• _Work to be completed_
The answer is the line containing "La ministra de" plus every line after it to the end of the material, retyped exactly and without the pictures.

• _Dataset content_
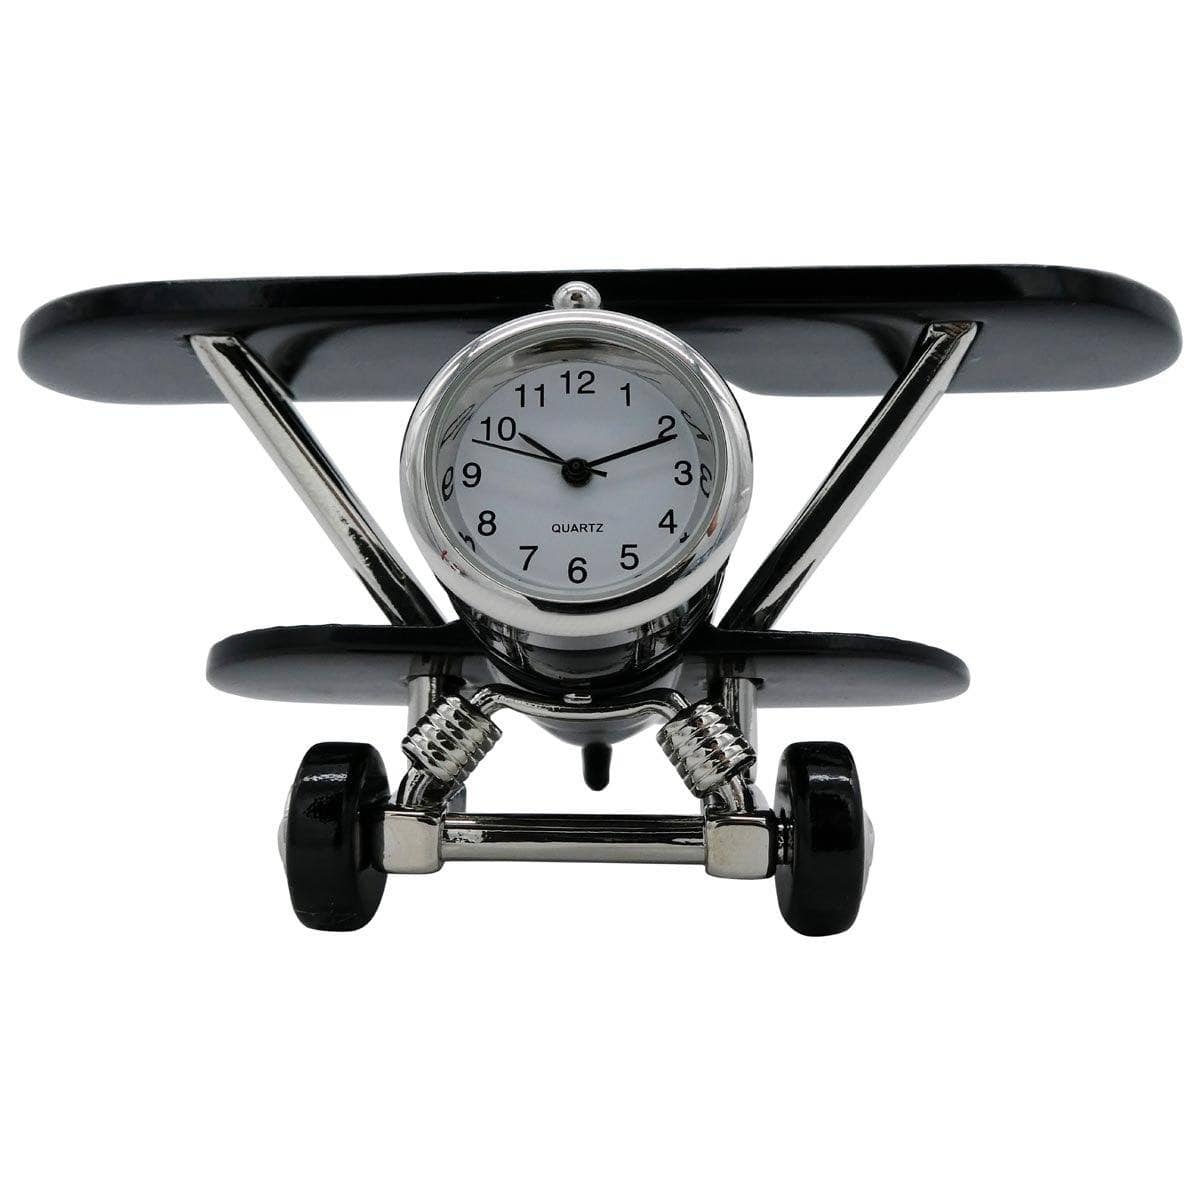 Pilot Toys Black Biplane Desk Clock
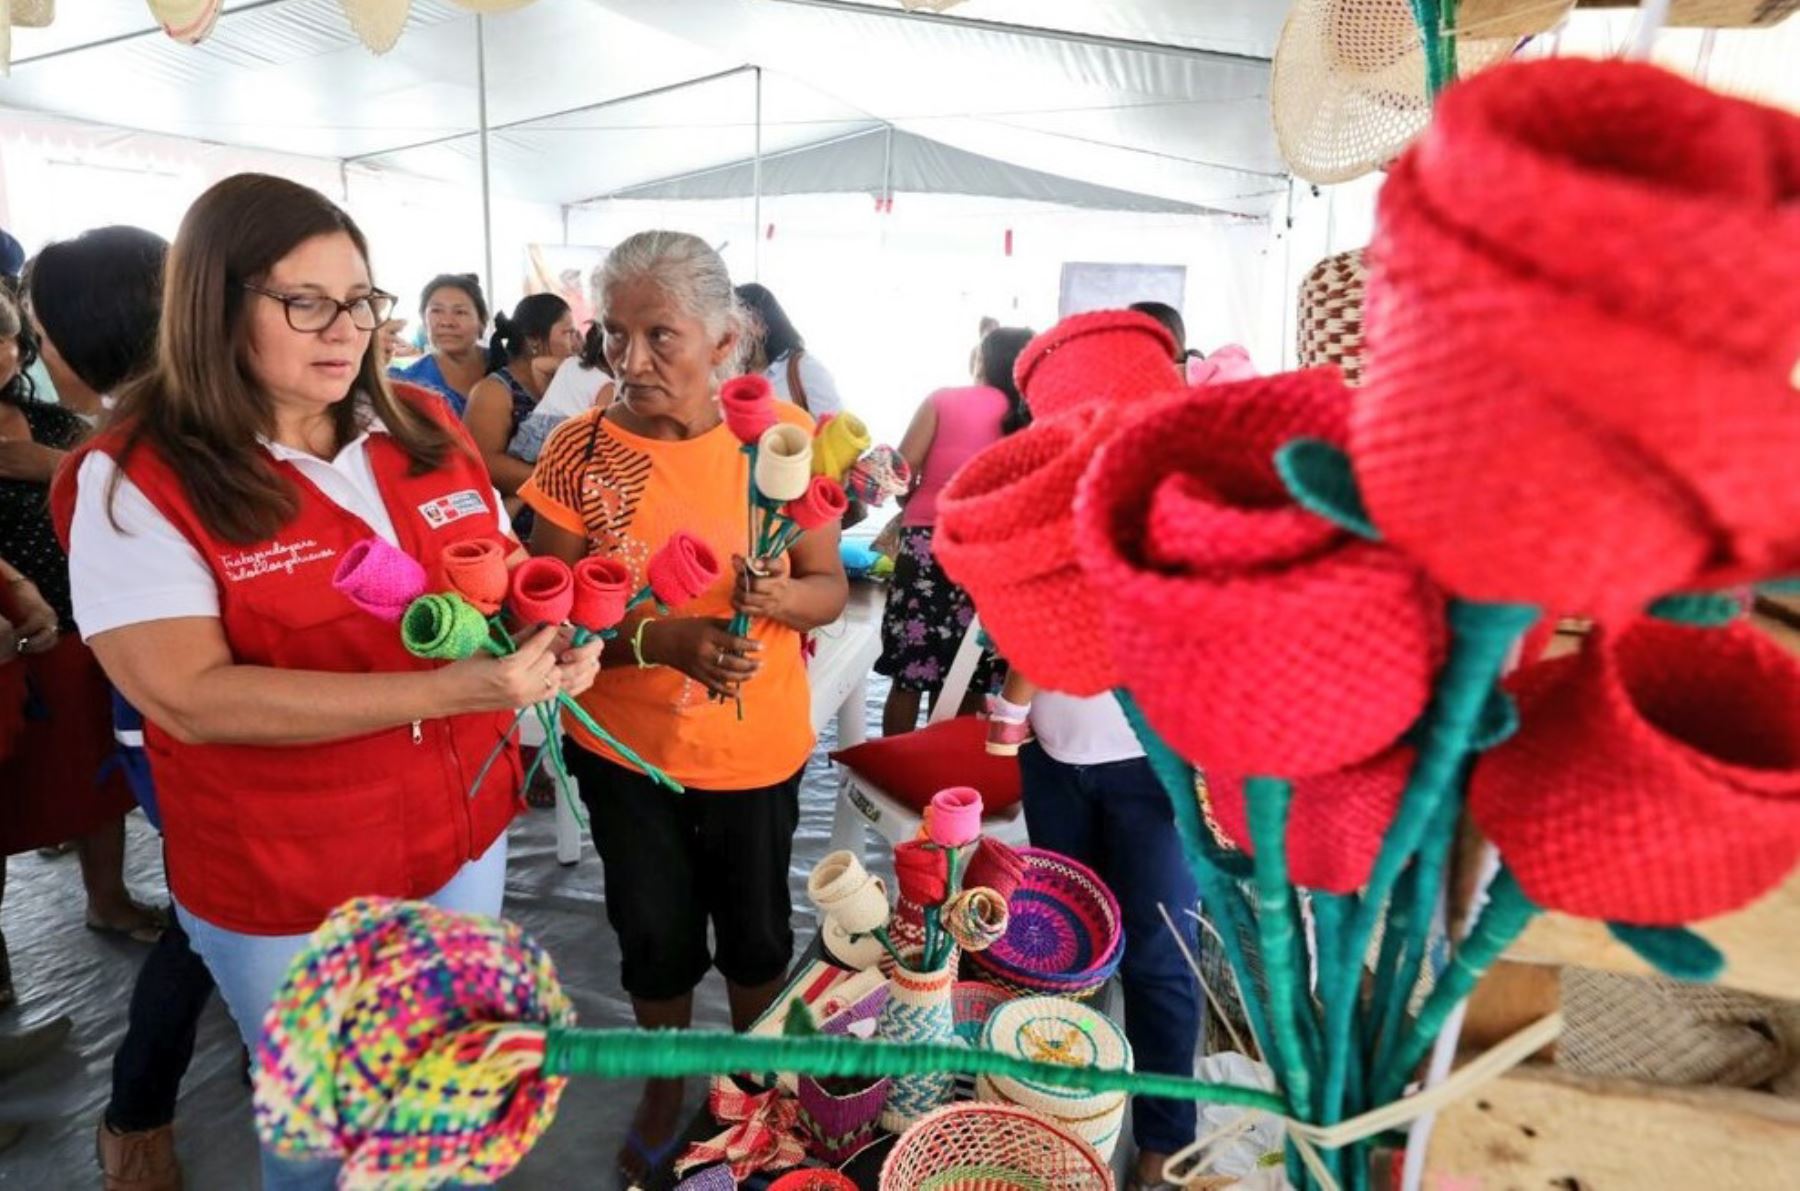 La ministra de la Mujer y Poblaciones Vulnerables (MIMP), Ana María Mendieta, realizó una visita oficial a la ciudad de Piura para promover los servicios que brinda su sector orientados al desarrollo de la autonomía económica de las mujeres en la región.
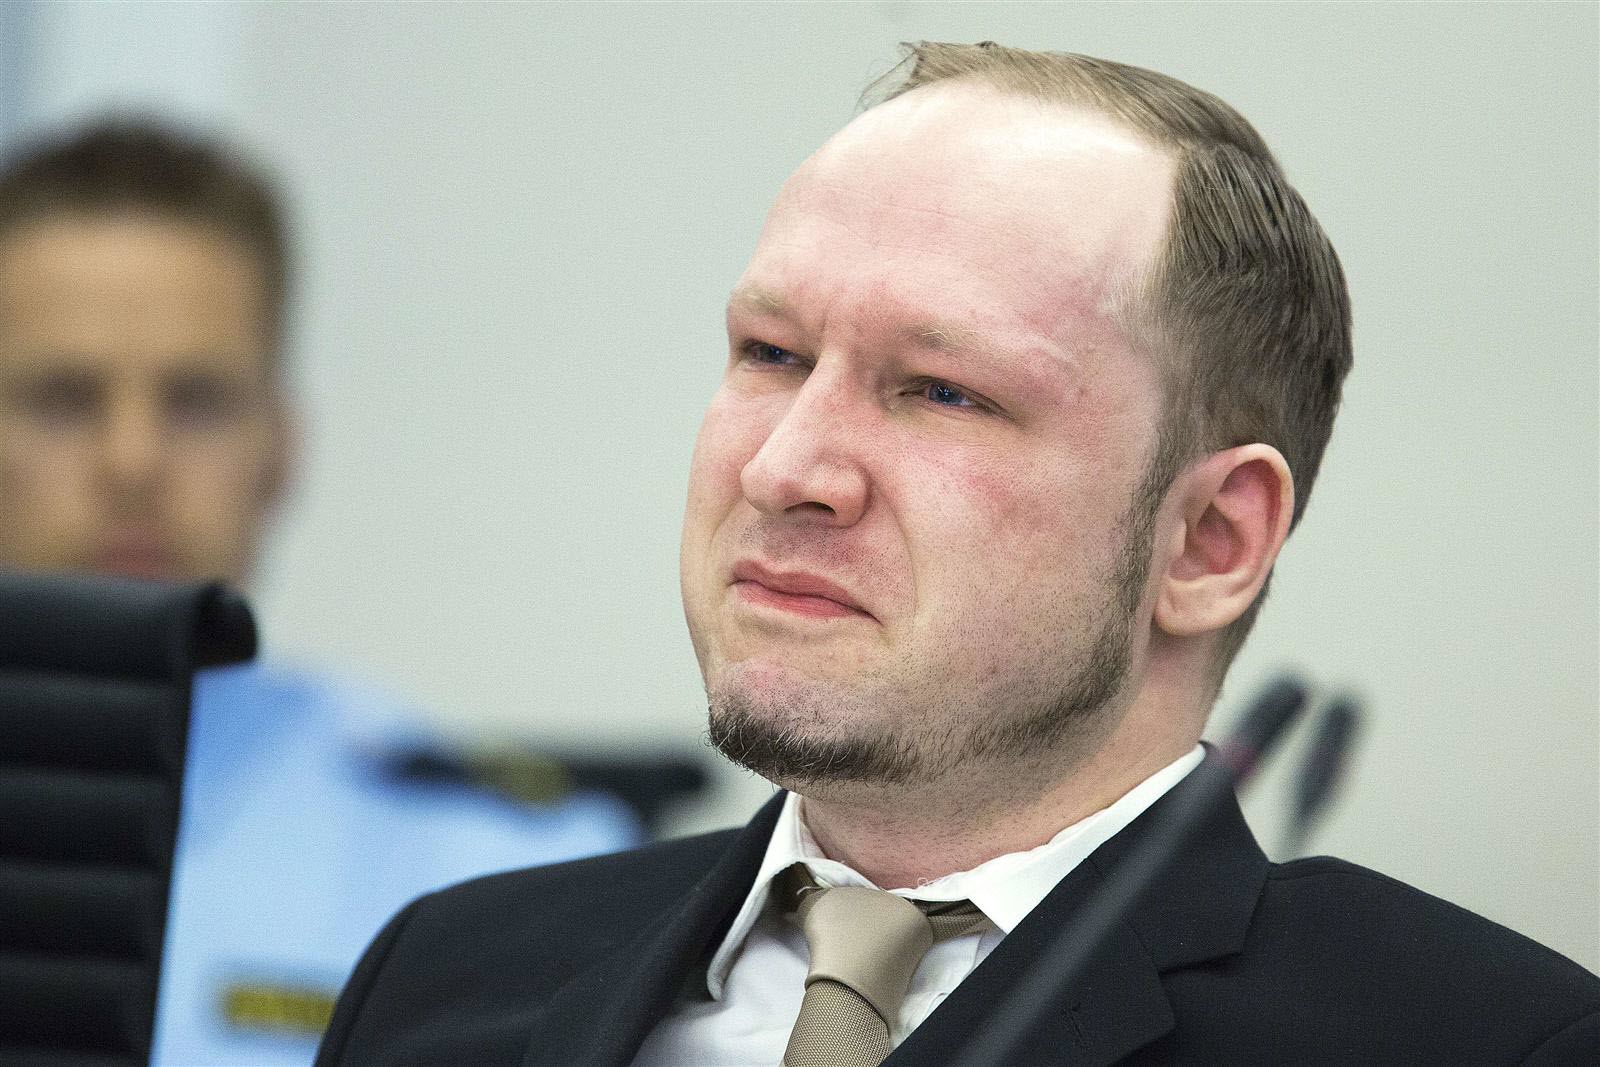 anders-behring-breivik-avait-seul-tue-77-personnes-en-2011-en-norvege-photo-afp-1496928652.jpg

• _Answer to the problem_
 La ministra de la Mujer y Poblaciones Vulnerables (MIMP), Ana María Mendieta, realizó una visita oficial a la ciudad de Piura para promover los servicios que brinda su sector orientados al desarrollo de la autonomía económica de las mujeres en la región.
 anders-behring-breivik-avait-seul-tue-77-personnes-en-2011-en-norvege-photo-afp-1496928652.jpg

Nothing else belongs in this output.